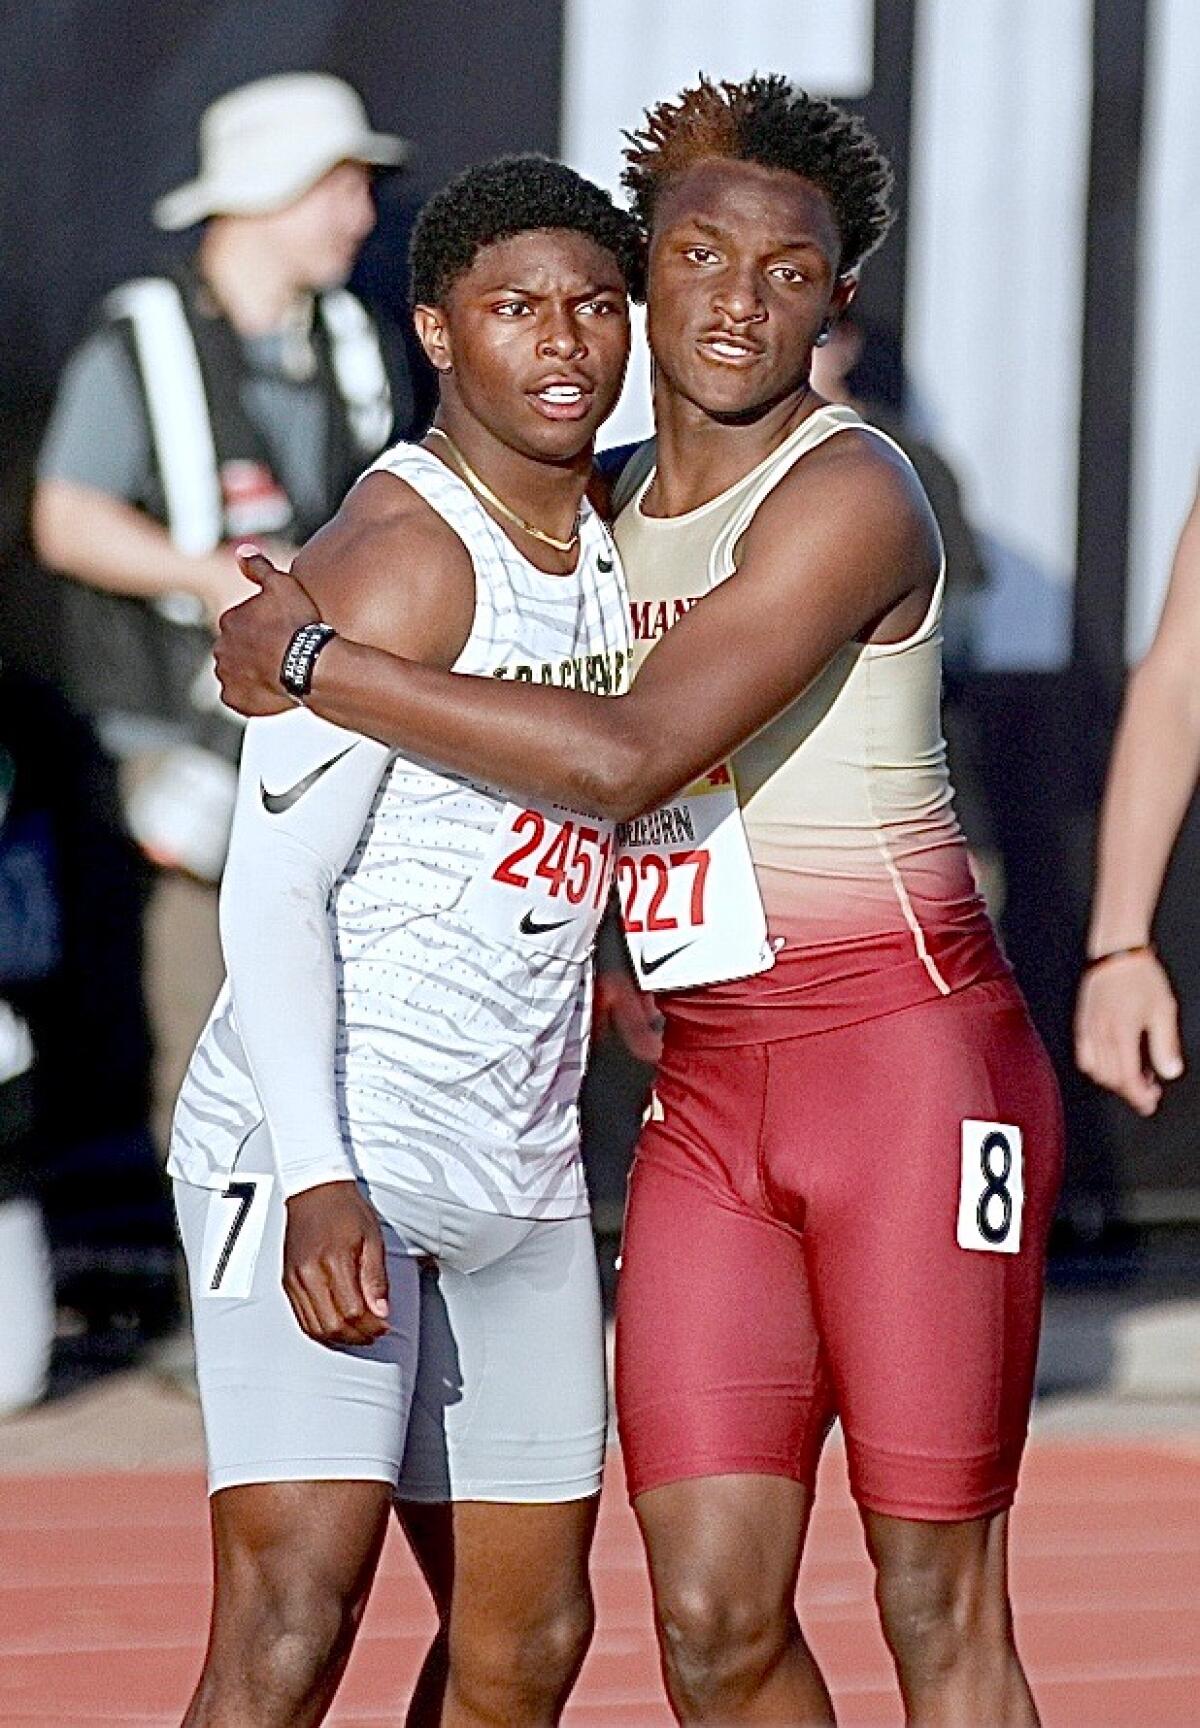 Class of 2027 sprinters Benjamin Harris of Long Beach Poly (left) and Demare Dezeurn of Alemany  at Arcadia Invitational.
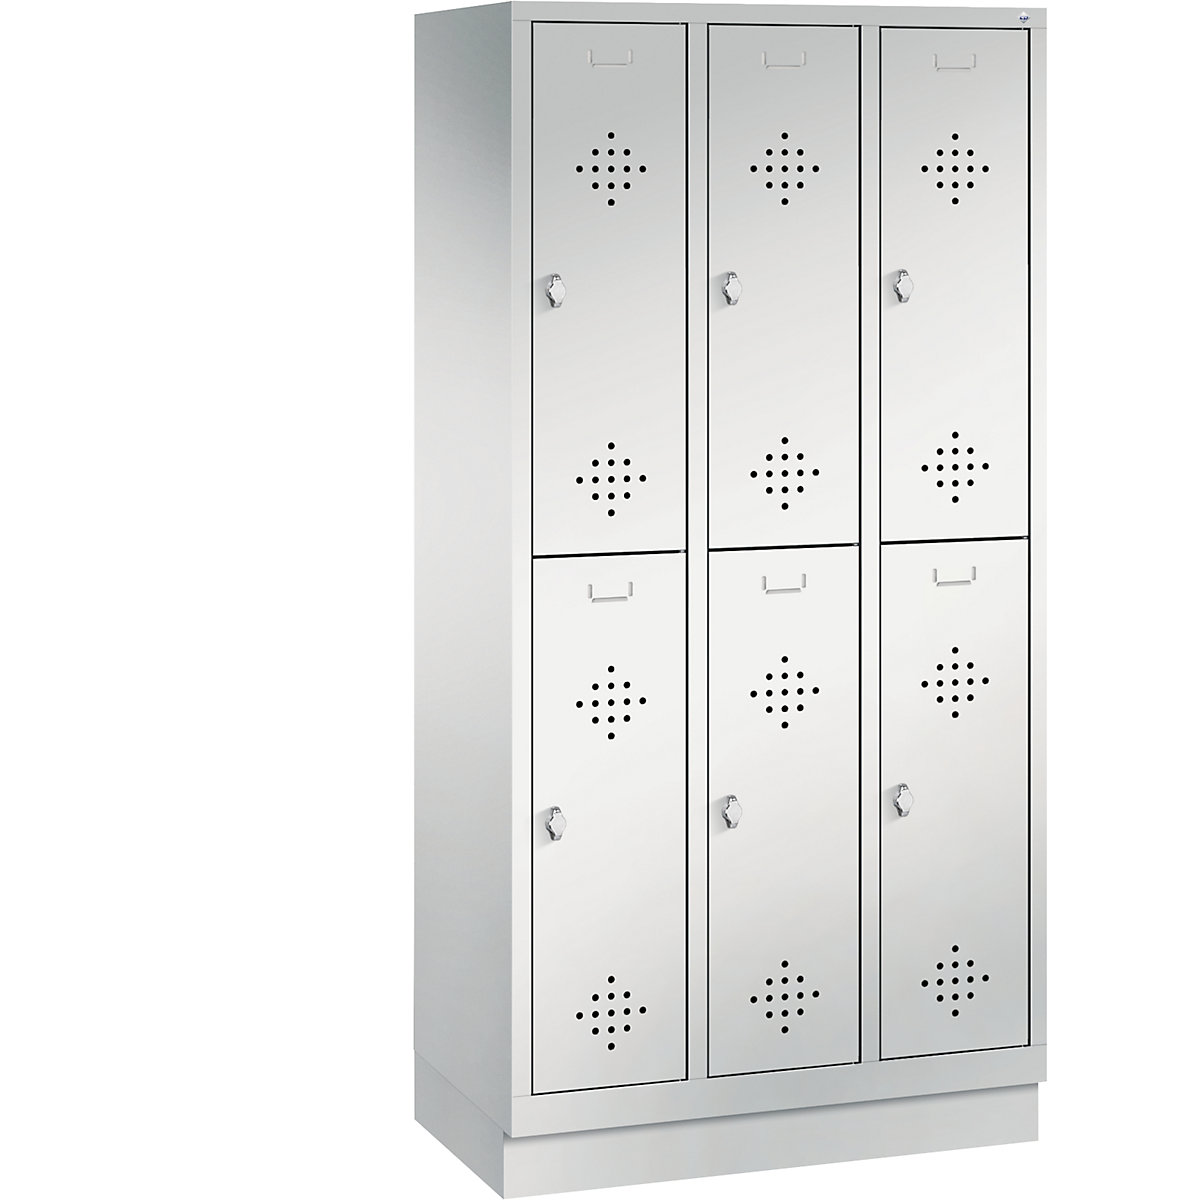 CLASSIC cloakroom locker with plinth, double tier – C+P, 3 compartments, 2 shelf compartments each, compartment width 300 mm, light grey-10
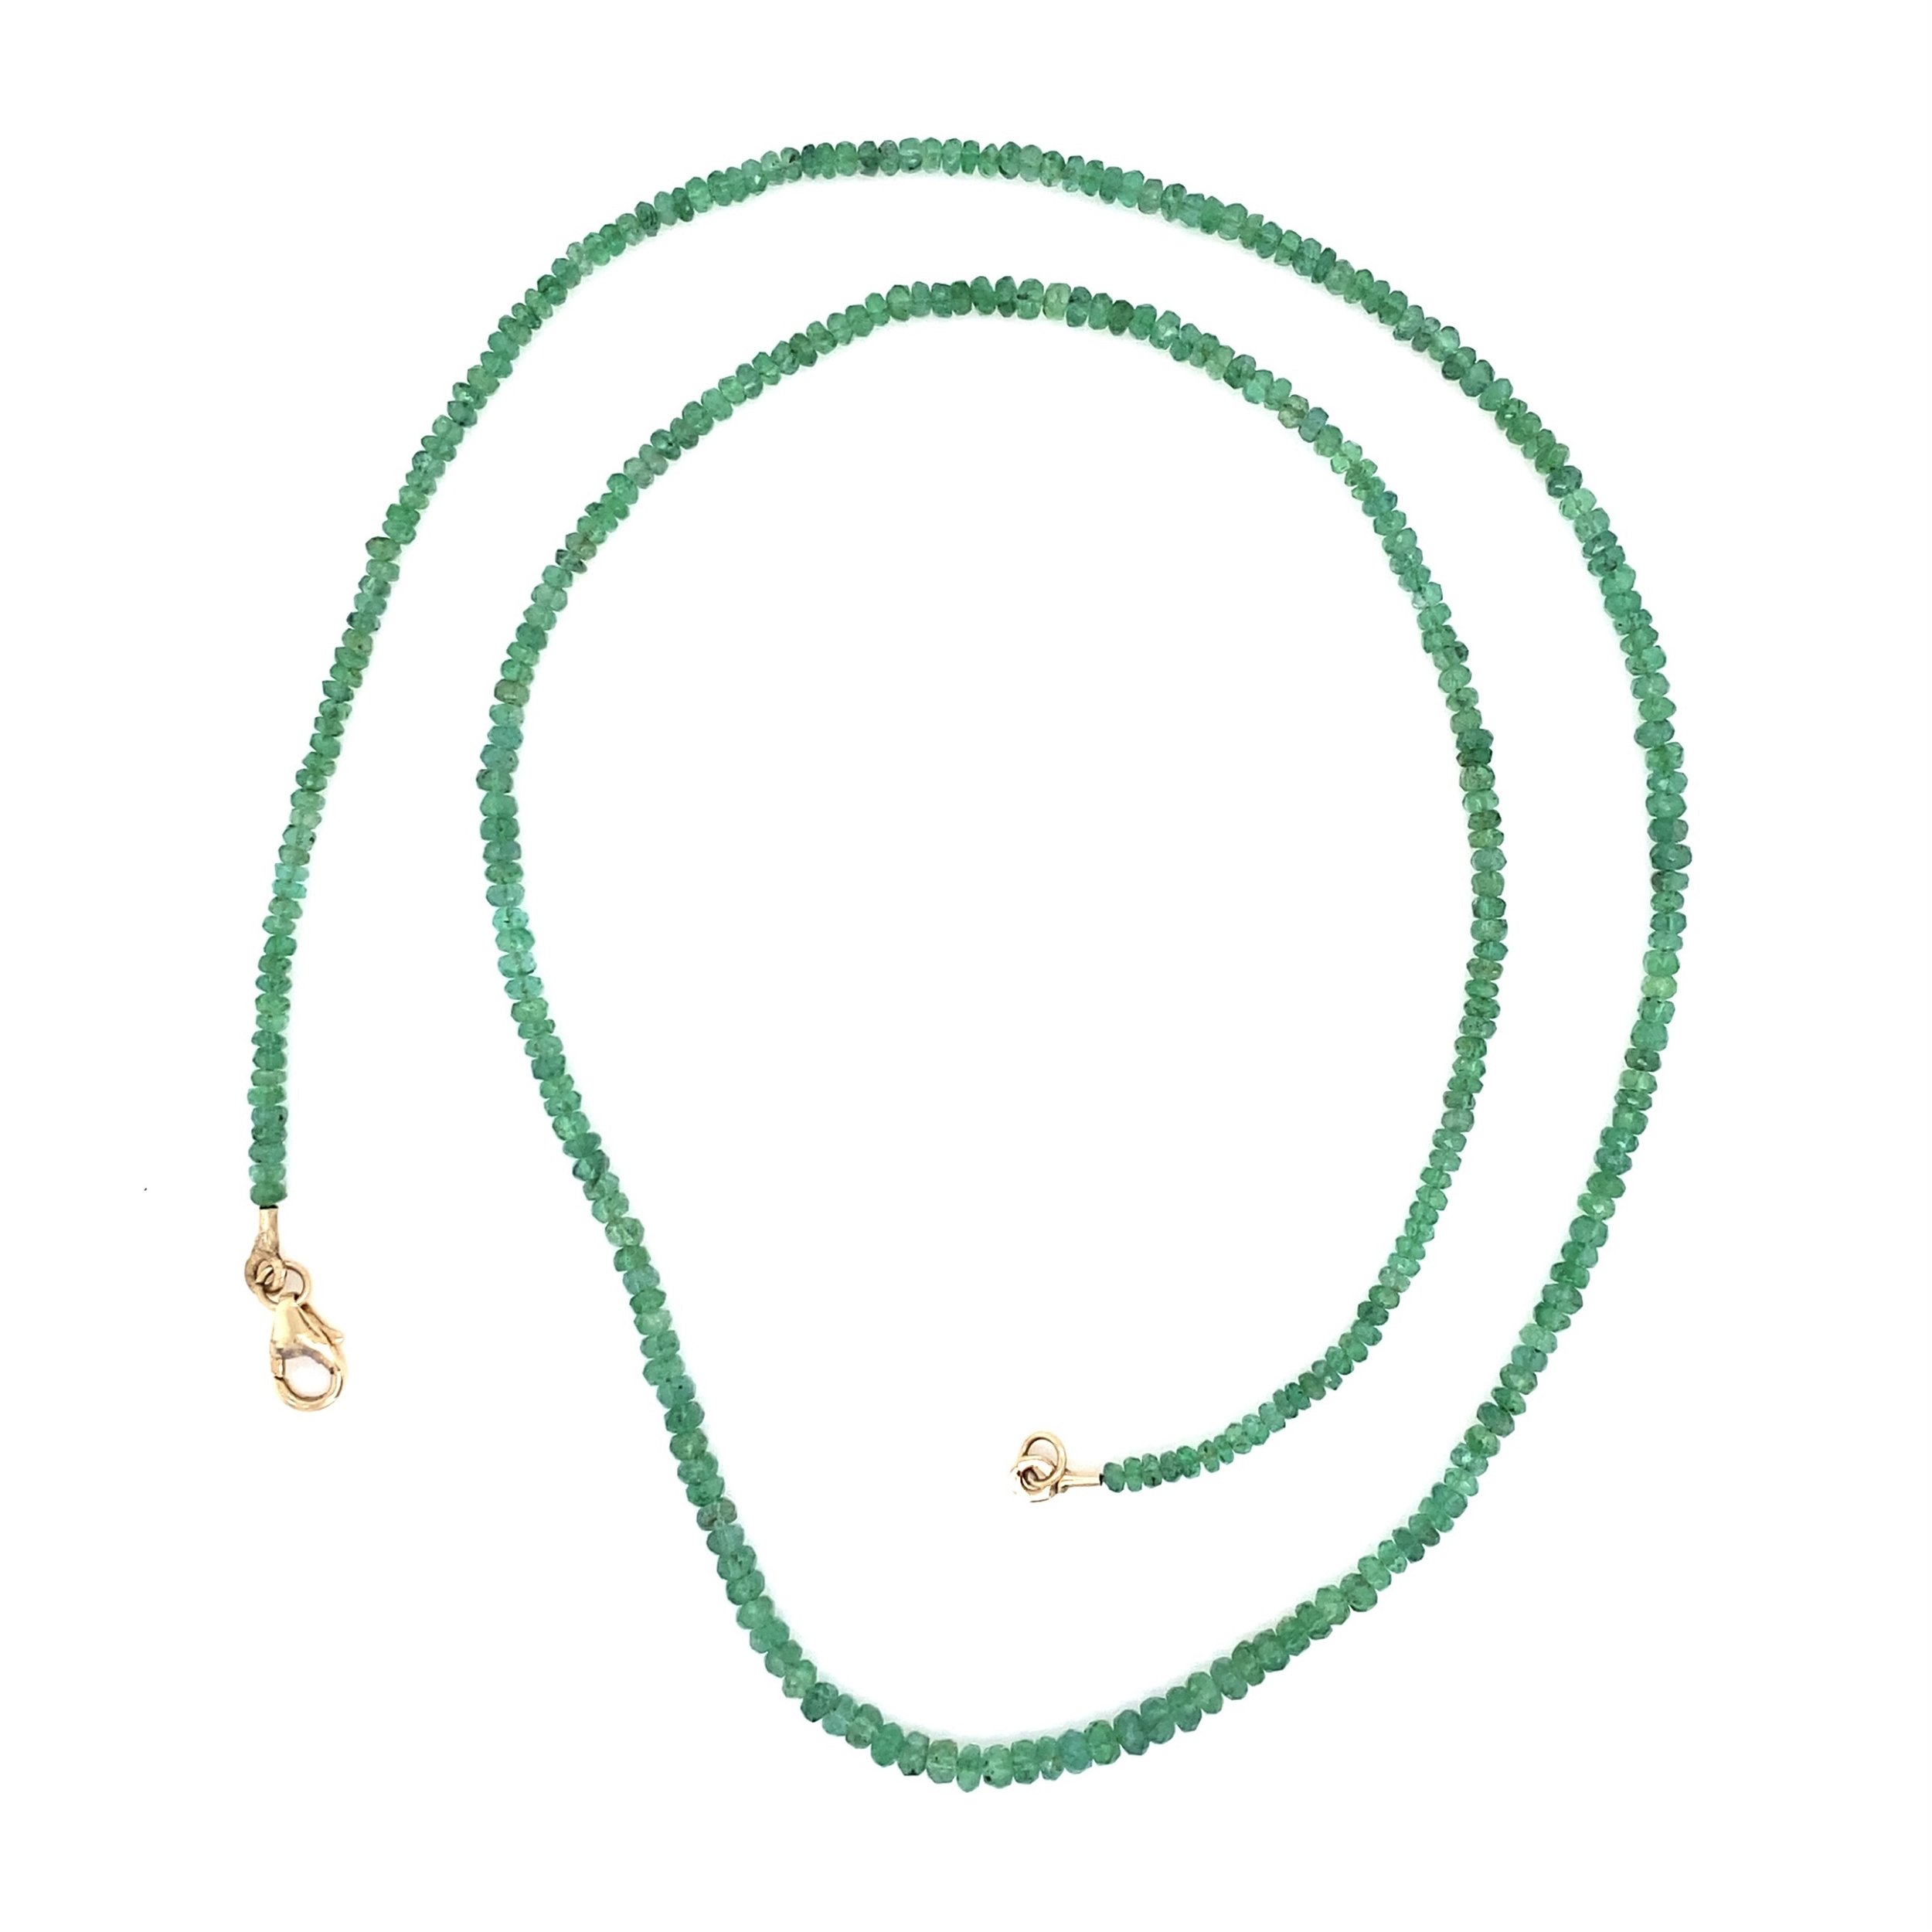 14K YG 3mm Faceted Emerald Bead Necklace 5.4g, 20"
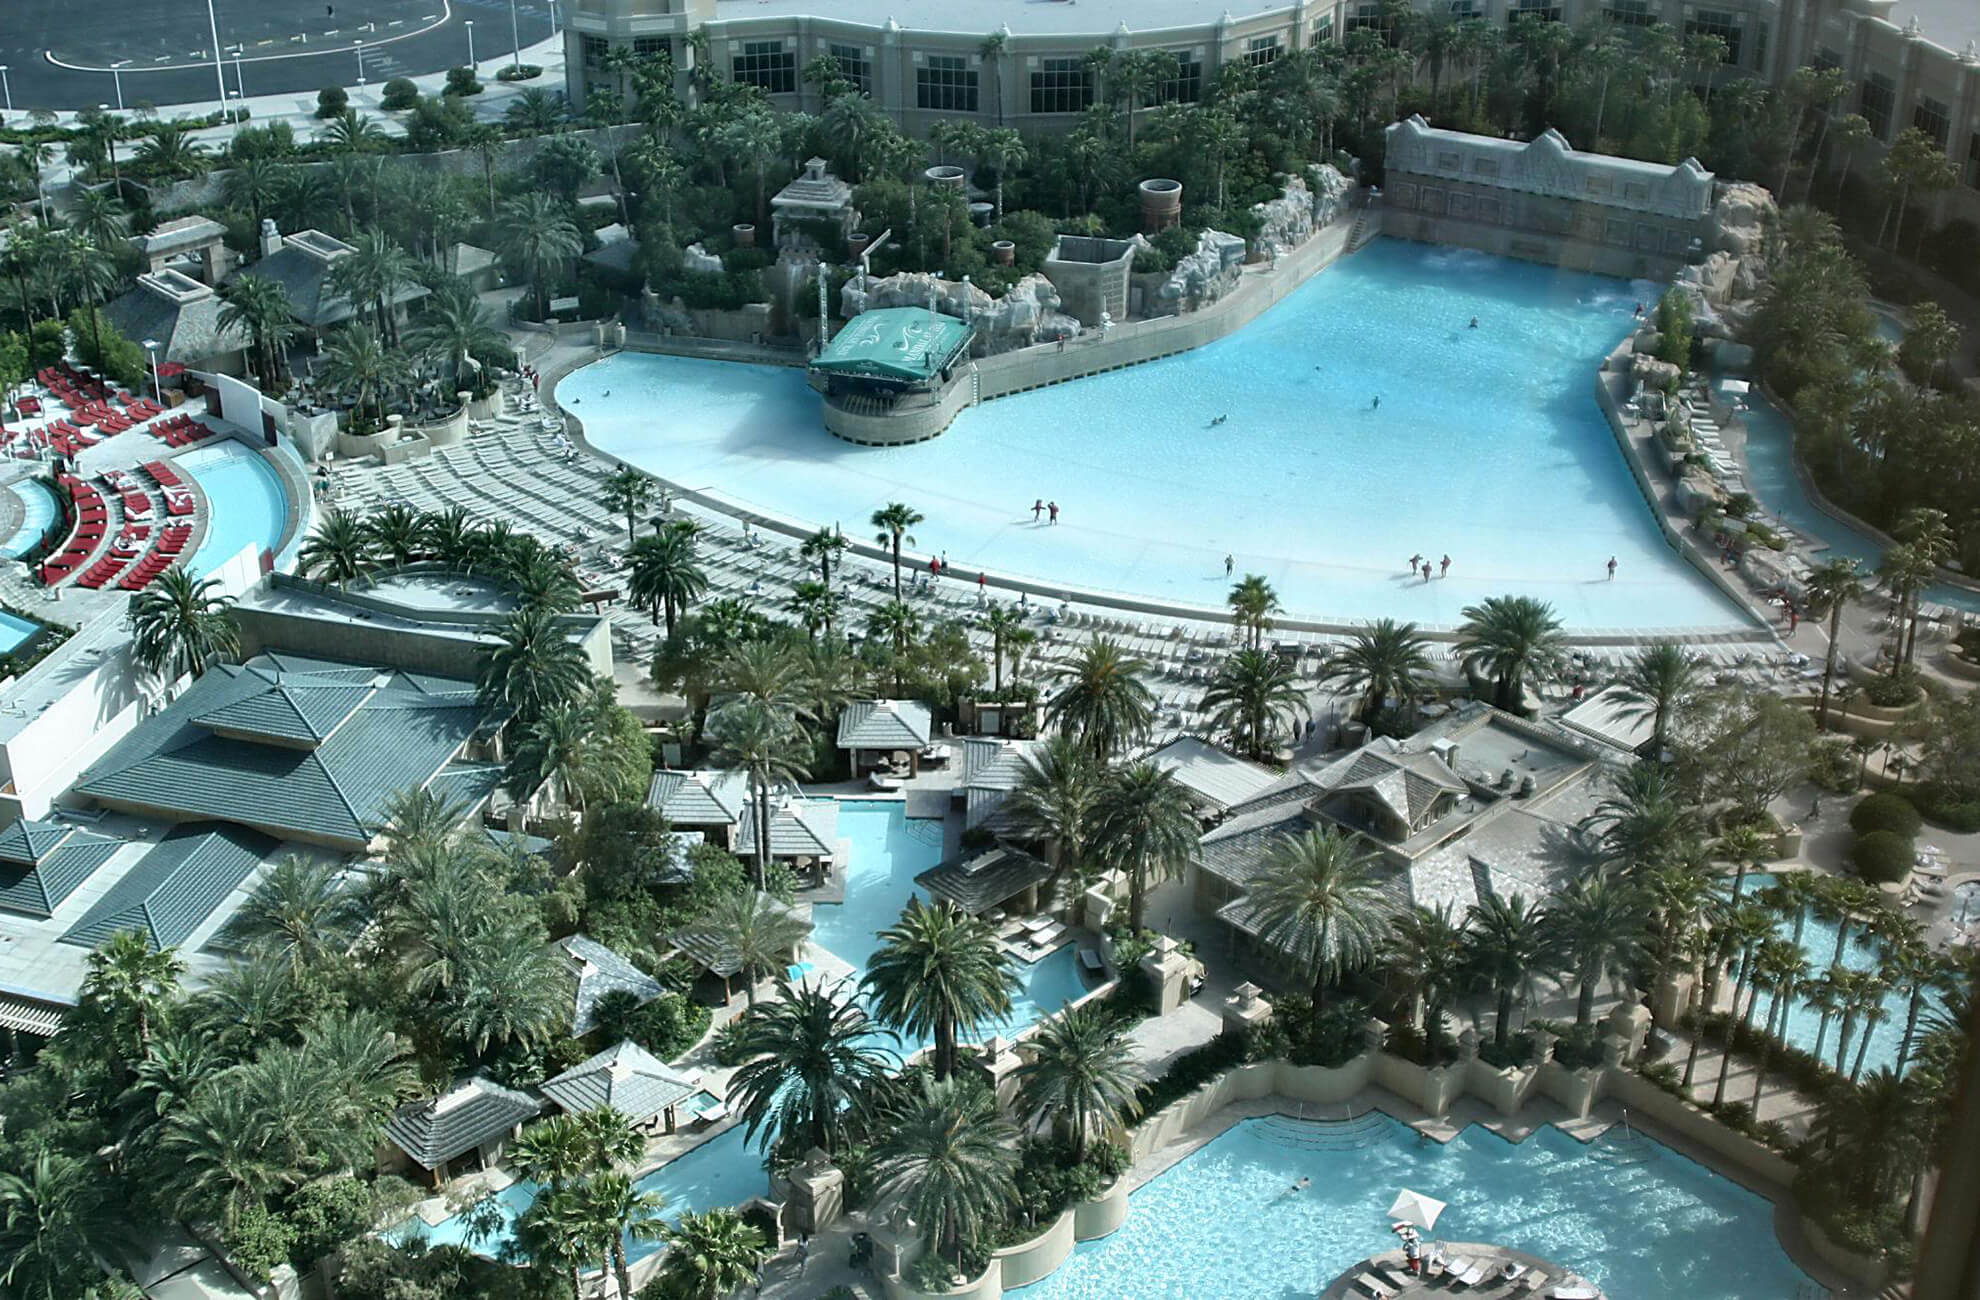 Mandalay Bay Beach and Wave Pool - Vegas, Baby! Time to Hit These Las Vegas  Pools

* _What you need to do_
Would you return the data above exactly as written, minus the images?

* _Exercise solution_
 Class of 2027 sprinters Benjamin Harris of Long Beach Poly (left) and Demare Dezeurn of Alemany  at Arcadia Invitational.
 CLASSIC cloakroom locker with plinth, double tier – C+P, 3 compartments, 2 shelf compartments each, compartment width 300 mm, light grey-10
 14K YG 3mm Faceted Emerald Bead Necklace 5.4g, 20"
 Mandalay Bay Beach and Wave Pool - Vegas, Baby! Time to Hit These Las Vegas  Pools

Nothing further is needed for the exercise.